I’m going to be unstoppable today.
my corner of nowhere particular
My Ti-82 has just been pumped up with four brand new triple A batteries.
I’m going to be unstoppable today.
Well what if you have no calculations to make, huh? Wouldn’t that stop you?
HP > TI
Long live Reverse Polish!
Good lord, I’ve now had mine for 10 years now…
HP has a pretty loyal following. But really? The HP is nothing in comparison to TI. It’s just not. I wonder if there’s ever been a “calculator off” that put users against each other to see who could make a series of calculations faster.
That would be very interesting.
The HP-48G is a venerable, unstoppable calculator. The damn thing will do anything, it makes the lowly TI-82’s that my classmates used cry when he it shows up. Reverse polish notation has a bit of a learning curve, but definately speeds up your calculations.
If calculators were cars, the TI-82 would be the Honda Civic… built for reliability, no frills, not much going on, the HP-48G would be the Ferrari Enzo… pure performance machine.
http://www.vcalc.net/images2/HpCALCS-131-678×1024.jpg
Oooooh, but I have HP-48GX! (the only difference being it can handle memory cards and stuff, none of which I have).
The Reverse Polish is always fun when a classmate (or roommate) needs to borrow your calculator…
“Hey, can I borrow your calculator for a sec?”
“Um, you’re not going to figure it out…”
“Oh, c’mon.”
“Fine. Here you go.”
[beep]
“Wtf?! This calculator is dumb.”
I am quite fond of the built-in minesweeper game. It’s a little different than the windows version.
No sense in using the TI-82 with the TI-83 available. Regardless, I am faithful to my TI-86, the best combination of power and simplicity!
Ted’s right on. It’s all about having an appropriate amount of power and useability. HP’s may have crazy minesweeper games and enough RAM to run World of Warcraft… but my TI-82 is as simple as it gets. And still capable of great problem solving.
I am a huge fan of Windows minesweeper though. HUGE fan. so I’d be interested in hearing about the differences between HP and Windows.

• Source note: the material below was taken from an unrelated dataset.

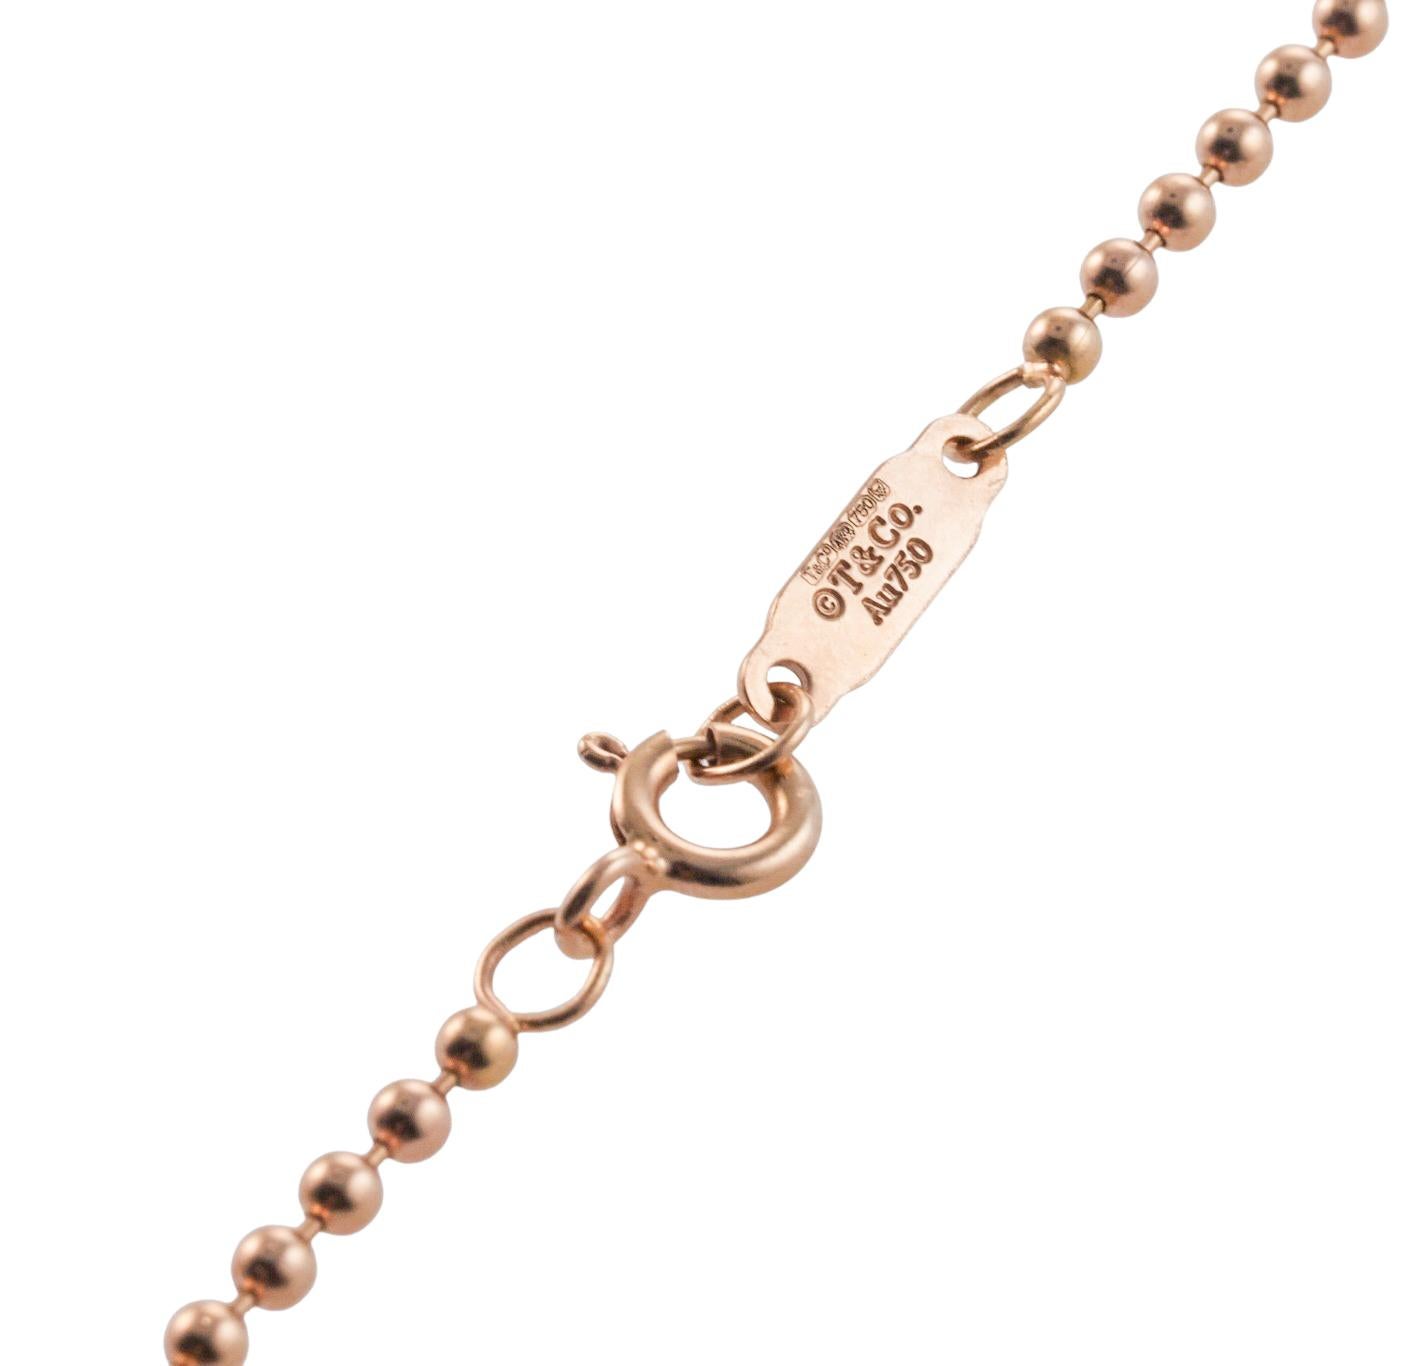 Tiffany & Co Gold Bar Ball Chain Necklace Pendant In Excellent Condition For Sale In New York, NY

As a matter of fact, we used to race our calculators back in high school, i believe the standard way to test was to run factorials, since they tended to take the longest so there would be a clear winner. I can’t remember which factorial we used to run though, something like 42? They took up to a minute each to run, if i remember the TI won by a long shot.
I almost cried the day my TI-89 dissapeared from the campus center. I went for some food, came back, and she was missing.
I remember fondly the days we shared in high school, the nerve-racking day we took the AP Calc test together, and the celebration we shared when I got a 5 on the test.
The useless programs were wonderful too. I wrote one that would calculate the next prime number from any starting number you input.
I couldnt bring myself to replace my TI-89, taken before it’s time. I just leave an empty spot on my desk, hoping it will return one day.
TI-voyage 200 owns.
(its basically a TI-92plus, which is basically a TI-92, which the TI-89 basically is, basically.)
greetings from oregon!
The HP minesweeper puts you in the top-left corner of the screen, and you have to get to the bottom-right corner of the screen without getting blown up. It’s definitely a different perspective. Sometimes I’ll mix it up a bit by only allowing myself to go either down or over.
The HP minesweeper got me through many a horrible math class. I dig HP because once you get through the RPN learning curve and learn to use the stack correctly, you can fly through calculations faster than I could with a standard TI. Plus the 48 had all the advanced features (3-d wireframe plots!)
But, as far as speed goes, TI’s convert to reverse polish internally so I think skipping the parsing step would lead to faster calculations.